EXERCISE DATA:
* * * * *

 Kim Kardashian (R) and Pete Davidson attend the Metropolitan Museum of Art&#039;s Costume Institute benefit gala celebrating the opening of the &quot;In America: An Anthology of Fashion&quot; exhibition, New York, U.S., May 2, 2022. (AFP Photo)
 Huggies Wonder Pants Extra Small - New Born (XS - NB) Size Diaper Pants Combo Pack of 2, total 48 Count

* * * * *

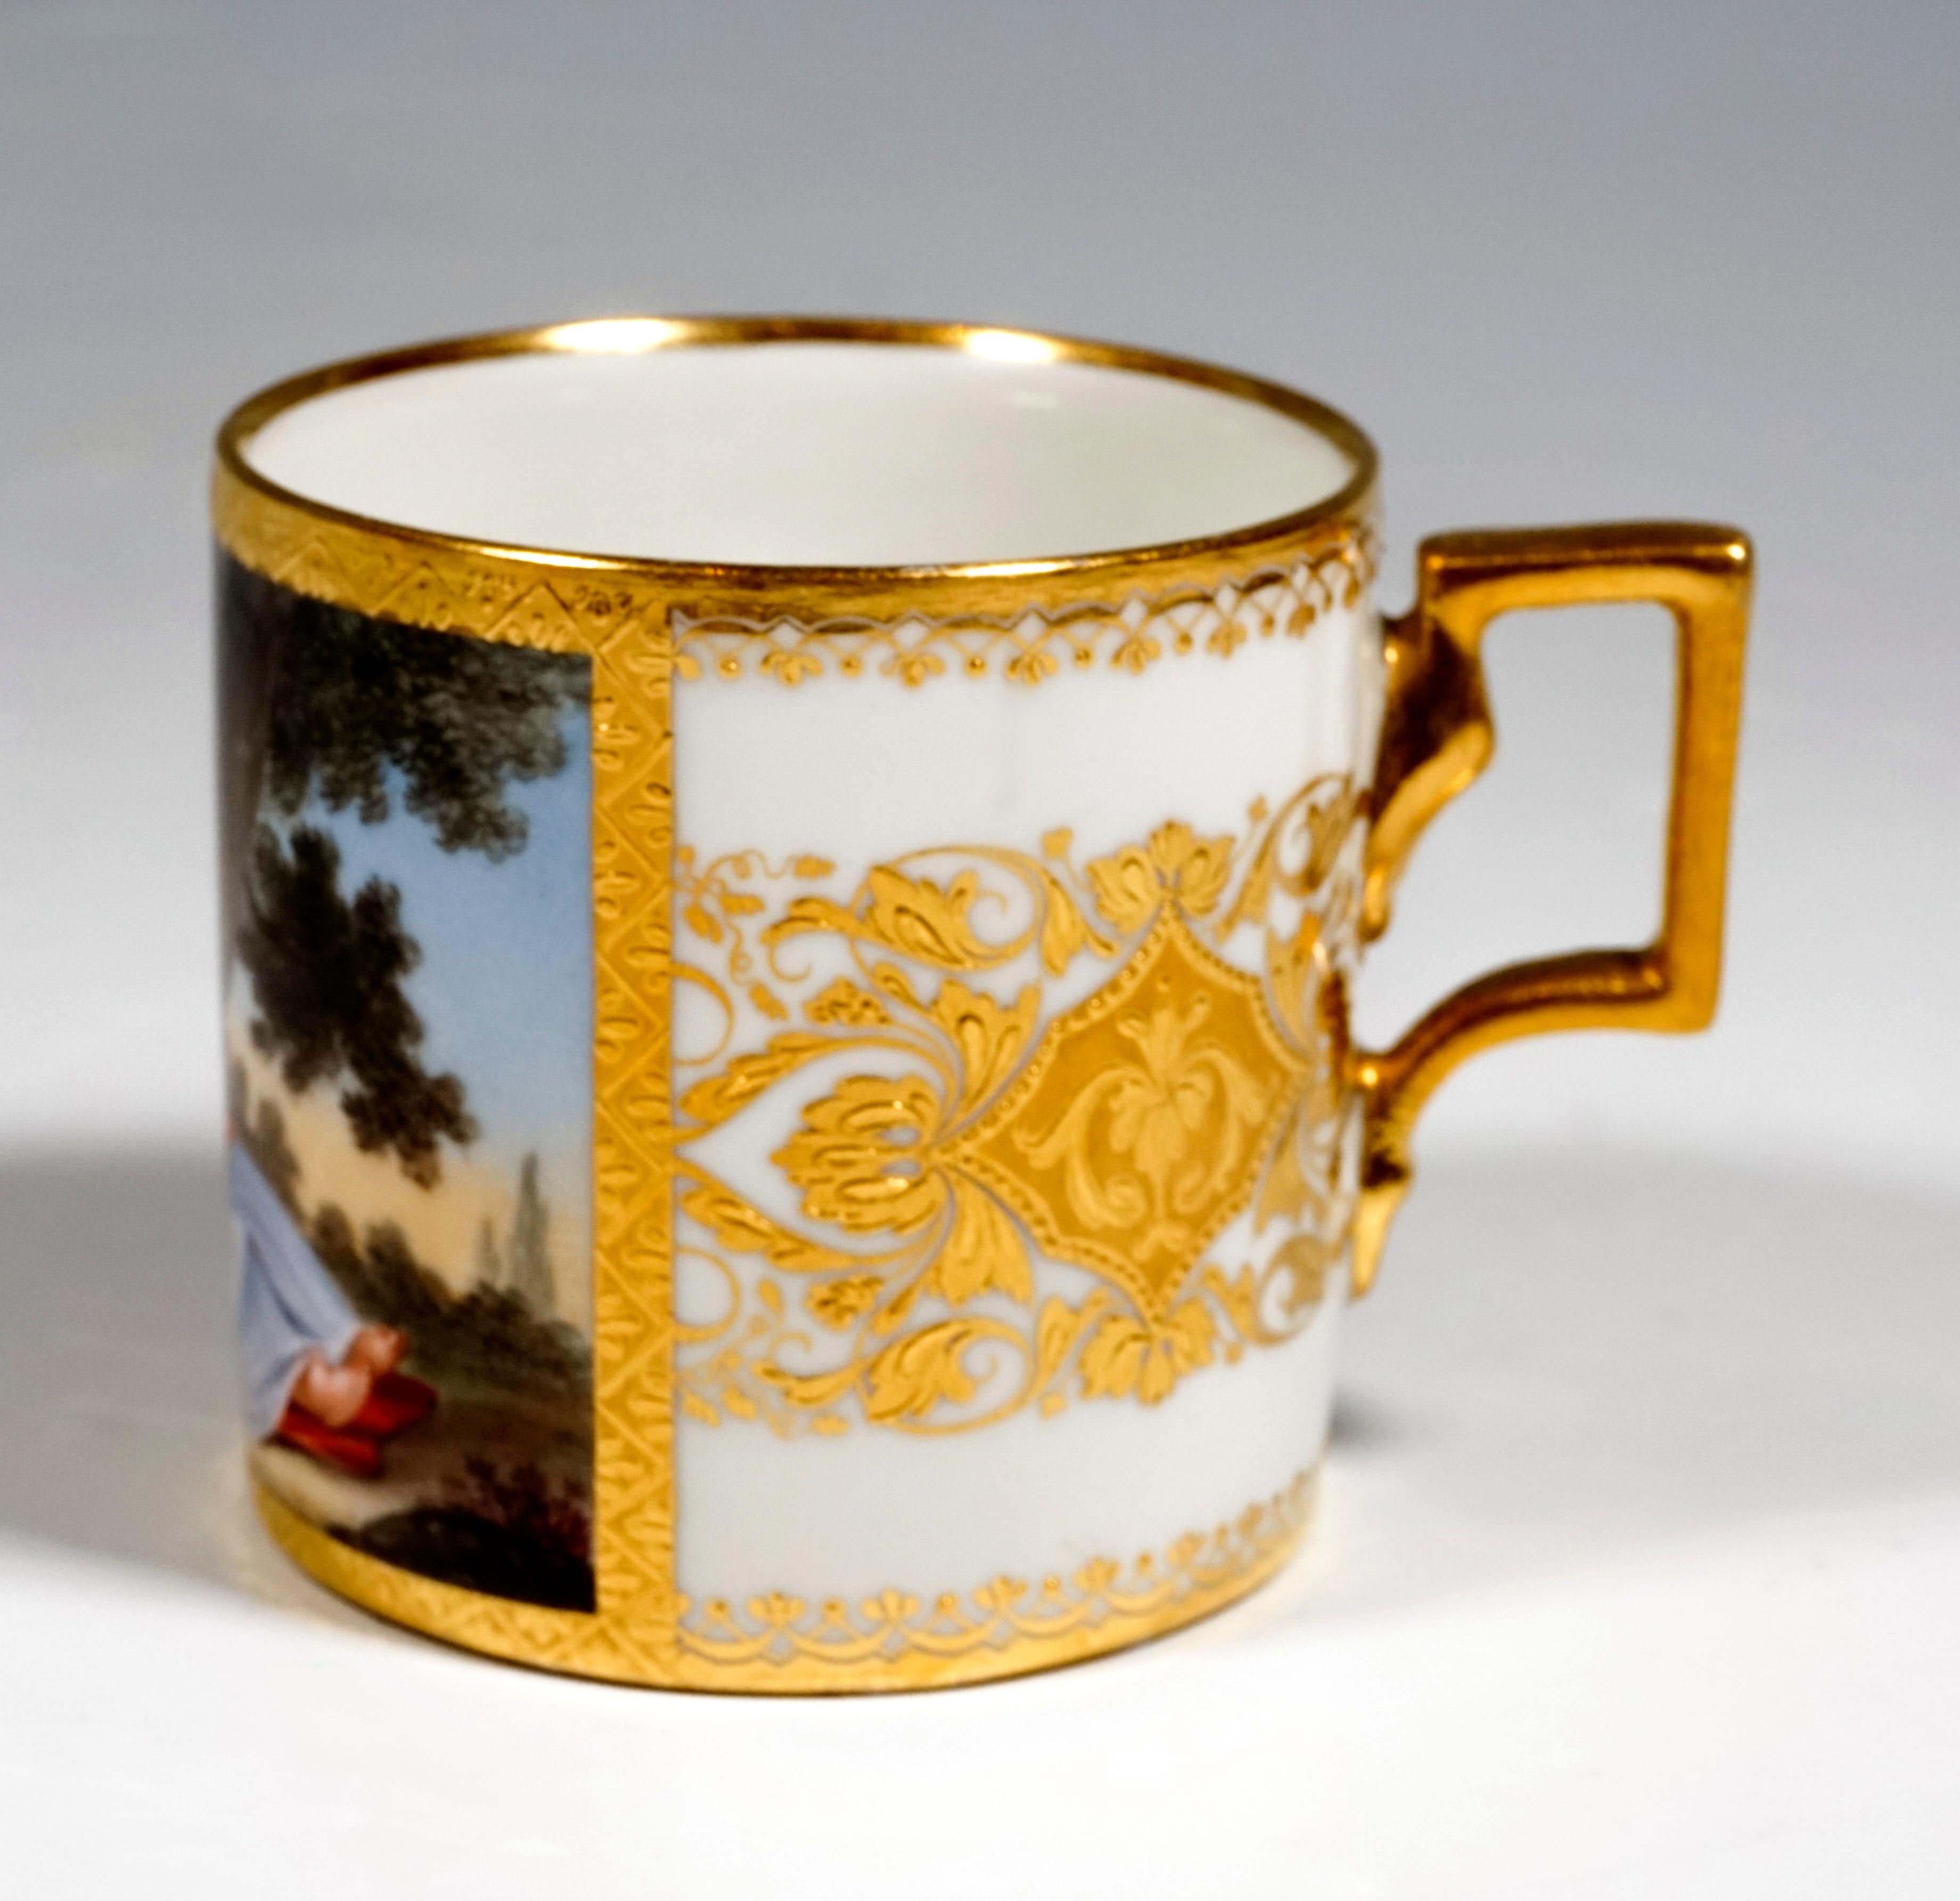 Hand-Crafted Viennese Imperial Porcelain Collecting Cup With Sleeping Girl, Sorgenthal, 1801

* * * * *

DIRECTIONS: The response should hold exactly the lines starting at the line with "Kim Kardashian (R)" and ending at the line with "Huggies Wonder Pants", and no other line of the material above.

TASK RESULT:
 Kim Kardashian (R) and Pete Davidson attend the Metropolitan Museum of Art&#039;s Costume Institute benefit gala celebrating the opening of the &quot;In America: An Anthology of Fashion&quot; exhibition, New York, U.S., May 2, 2022. (AFP Photo)
 Huggies Wonder Pants Extra Small - New Born (XS - NB) Size Diaper Pants Combo Pack of 2, total 48 Count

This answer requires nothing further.